Information supplied:
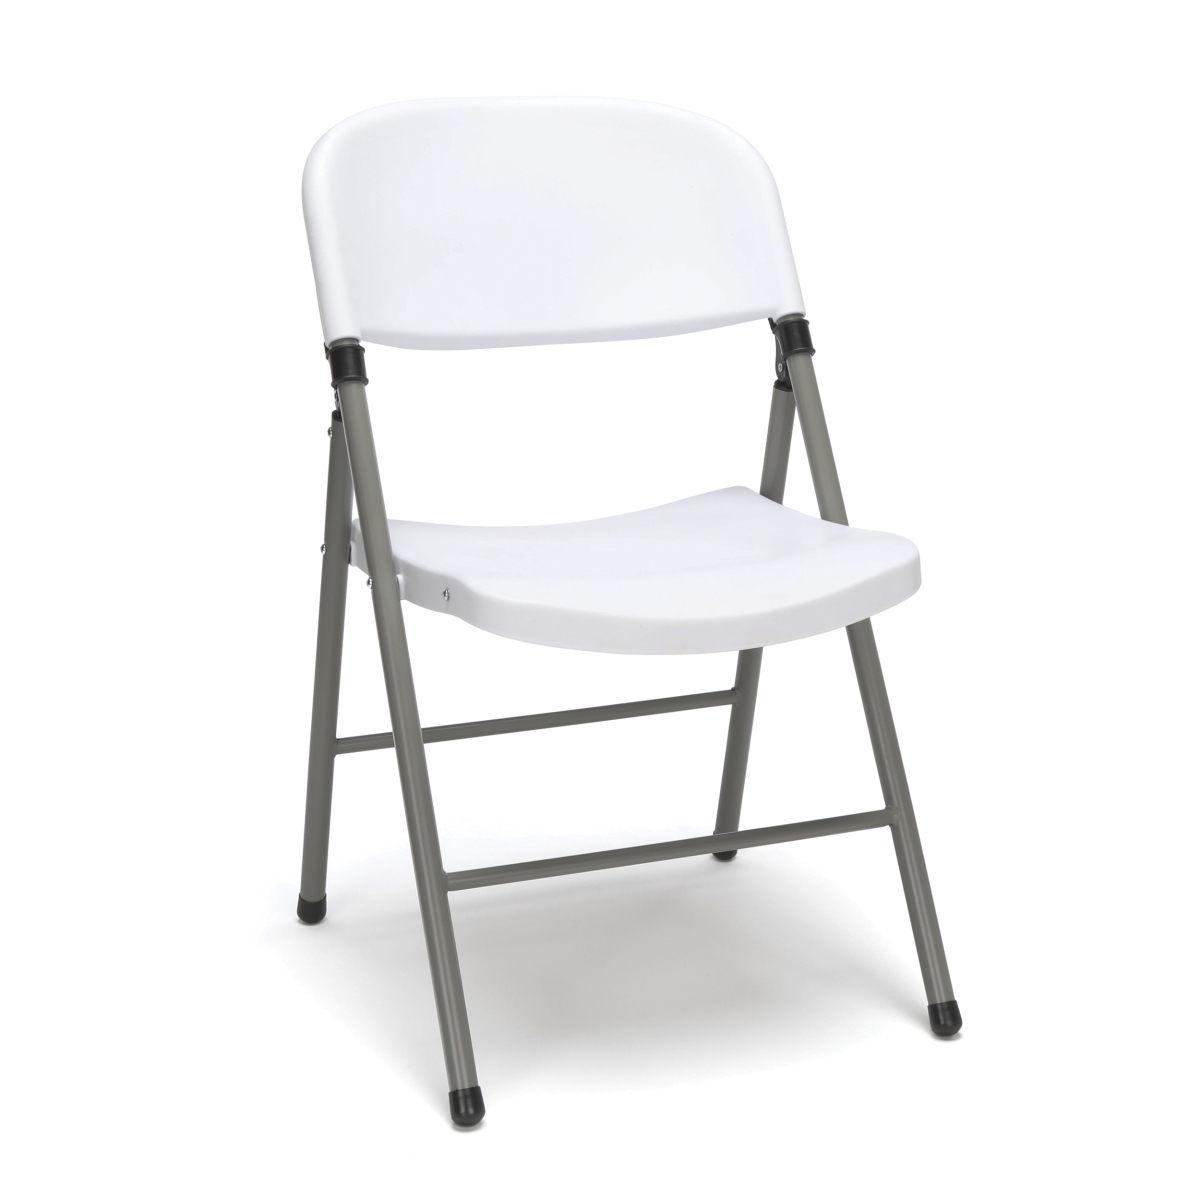 Ess-5000-wht Plastic Folding Chair, White, Pack Of 4
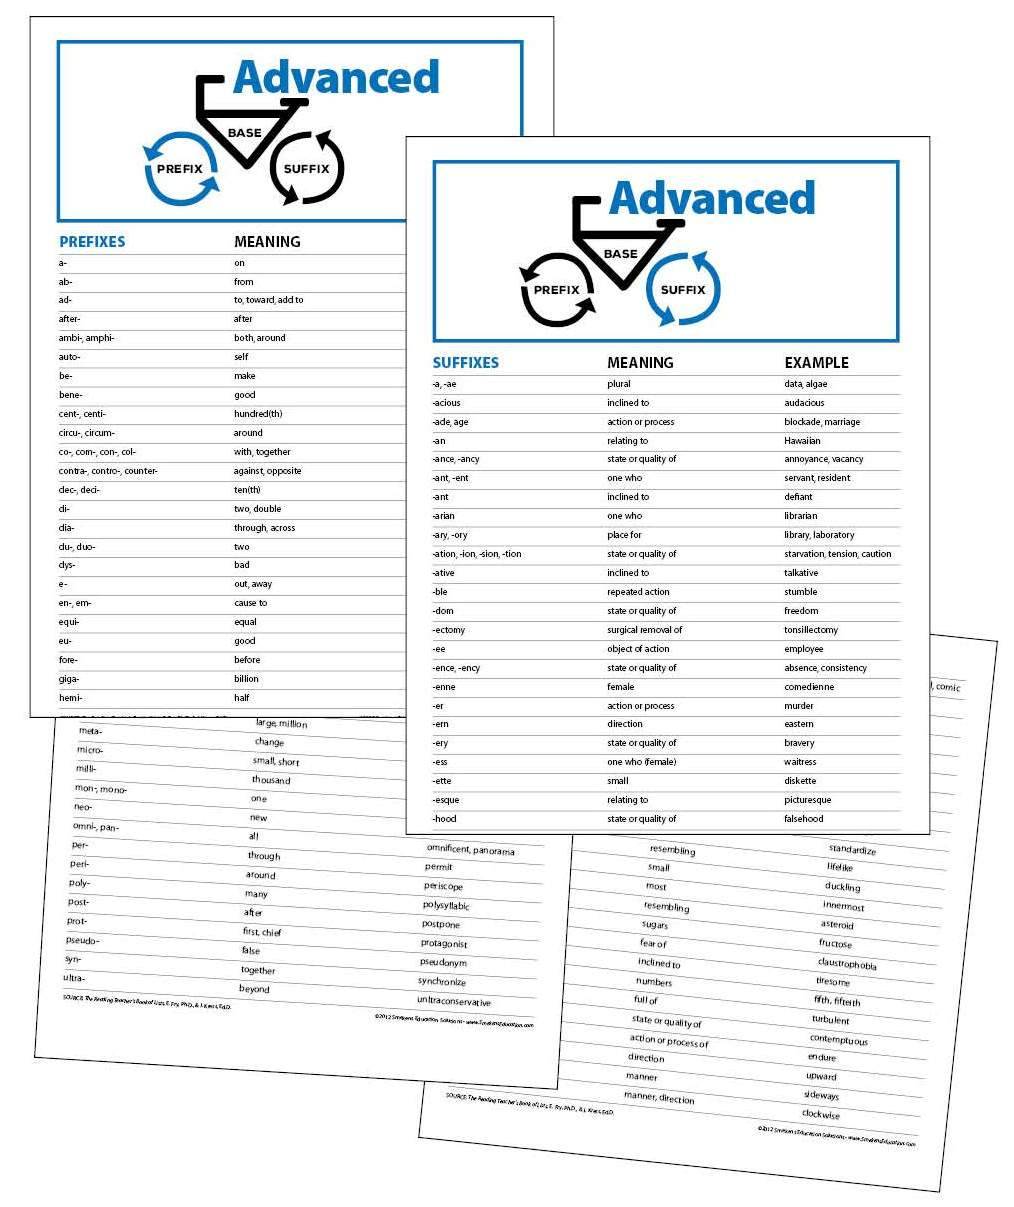 Advanced List of Word Roots
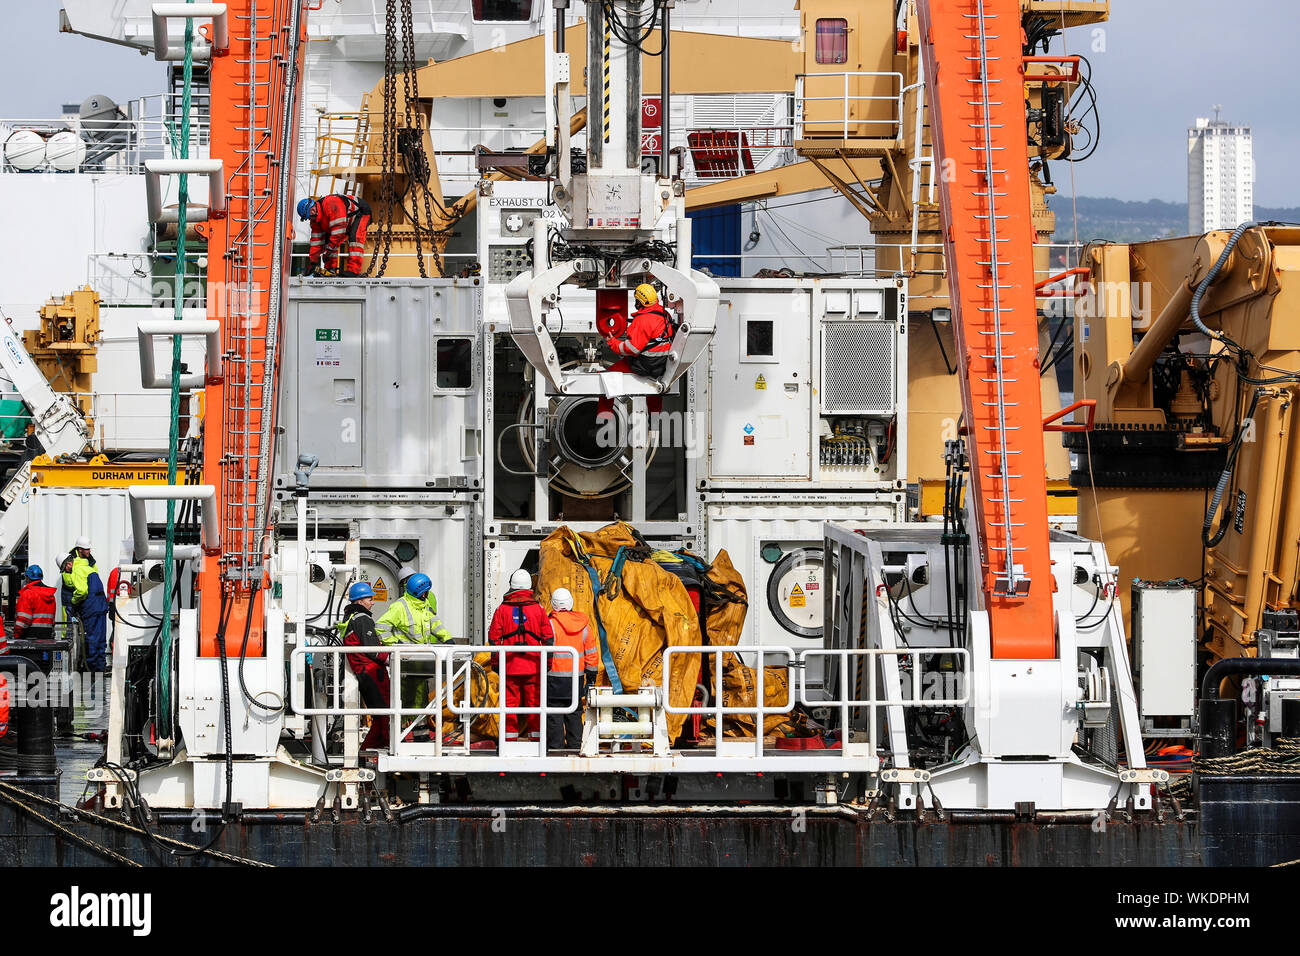 Glasgow, UK. 4th September 2019. The Faslane based NATO Submarine Rescue System (NSRS) was preparing to set sail from Glasgow's King George V Dock to take part in Exercise Golden Arrow on the Firth of Clyde with the teams who operate it the new unique rescue system, jointly owned by UK, France and Norway. The operating teams include Commander CHRIS BALDWIN (Royal Navy) Commander Espin ENGEBRETSEN (Norwegian Navy) and OLIVIA KINGHORN, aged 26, Project Engineer who supervised as the submersible, capable of diving down to 610 metres. Credit: Findlay/Alamy Live News Stock Photo

Action item:
The whole listing above is to be repeated exactly, apart from its pictures.

Final answer:
 Ess-5000-wht Plastic Folding Chair, White, Pack Of 4
 Advanced List of Word Roots
 Glasgow, UK. 4th September 2019. The Faslane based NATO Submarine Rescue System (NSRS) was preparing to set sail from Glasgow's King George V Dock to take part in Exercise Golden Arrow on the Firth of Clyde with the teams who operate it the new unique rescue system, jointly owned by UK, France and Norway. The operating teams include Commander CHRIS BALDWIN (Royal Navy) Commander Espin ENGEBRETSEN (Norwegian Navy) and OLIVIA KINGHORN, aged 26, Project Engineer who supervised as the submersible, capable of diving down to 610 metres. Credit: Findlay/Alamy Live News Stock Photo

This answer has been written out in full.